Увидев доктора Ию, мама Савы заплакала ещё громче, простёрла руки к выходной двери чума и стала кричать:
— Помогите! Помогите!
— Замолчи, женщина, дай говорить мужчинам! — строго прервал её шаман Якса.
Наступила тишина. Заговорил Журавль:
— Купец Иван выторговал у Албина мальчика за водку, увёз Саву от матери.
— Албин уже второй раз, как бешеная собака, нарушает законы тайги, — начал Якса. — Он украл у соседа оленей, продал свободного манси. Албин заслужил суровой кары… Я сказал!
— Надо как можно скорее спасти мальчика, моего лучшего ученика, — попросил Учитель.
— Куда повёз Налимий Хвост Саву? — спросил Якса у матери.
— Они говорили о Медном городе.
— О Медном городе? — глаза Яксы превратились в щёлки. — Я знаю, где это!
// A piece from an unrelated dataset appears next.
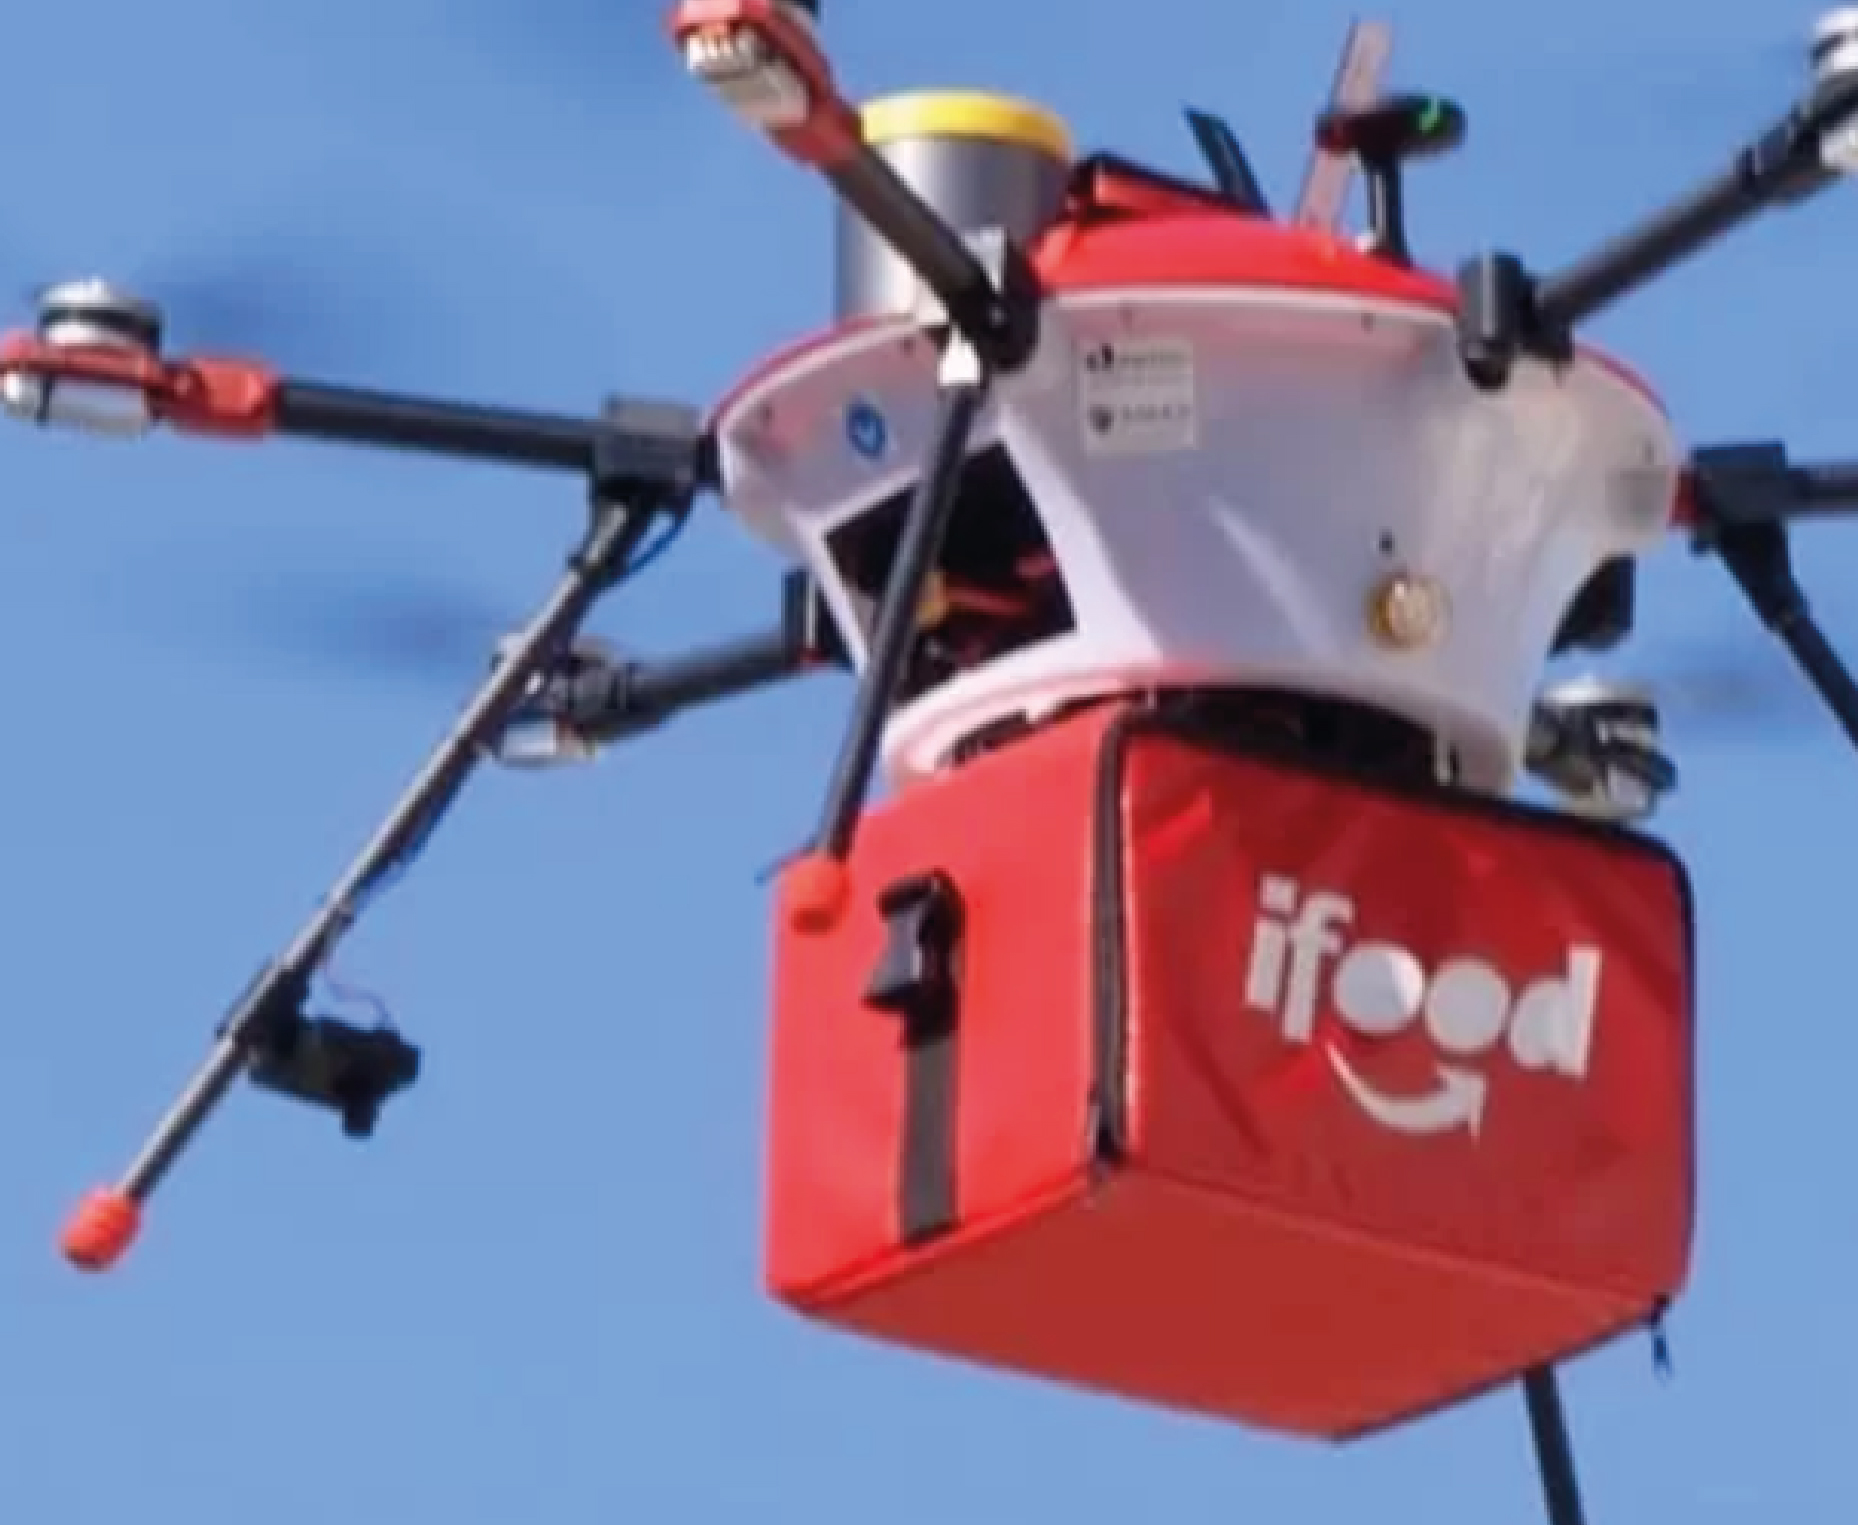 Imagina receber seu pedido do iFood por um drone?

Когда Сава пришёл в себя, было серое морозное утро. Нарты быстро и легко скользили по утрамбованному ветром снегу, постукивая, скрипя полозьями, то бросаясь из стороны в сторону, то падая в рытвины. Эта быстрая, захватывающая дух езда на легконогих оленях, снежная пыль, что вьётся над нартой, сковали ресницы Савы, запорошили лицо, и он, проснувшись, долго не мог как следует раскрыть глаза, рассмотреть окружающее.
Наконец, когда совсем рассвело, он увидел горы. Они, словно белые стены, стояли совсем рядом. Вершины гор курились. Олени отпыхивали целые столбы пара. Рога их заиндевели. И шкура тоже. Целое облако пара двигалось, колыхалось над ними. И казалось, горы играют… Горы… Урал… Для Савы Урал был знакомой с детства сказкой, которую знал, любил всей душой каждый манси. С Урала начинается олений край. На склонах волшебных гор, богатых ягелем, кочевали летом манси. Когда играет большое солнце, на горах прохладно, ущелья украшены орнаментом, остатками зимнего снега, а на самых вершинах ходит ветер, плавают облака. Оленям хорошо — оводы не кусаются, комары и гнус не липнут. А внизу, в зелёной долине, где ощетинился смешанный лес, переходящий на горизонте то в дремучий урман, то в ледяную землю — тундру, летом стоит жара, зудят мириады комаров, духота…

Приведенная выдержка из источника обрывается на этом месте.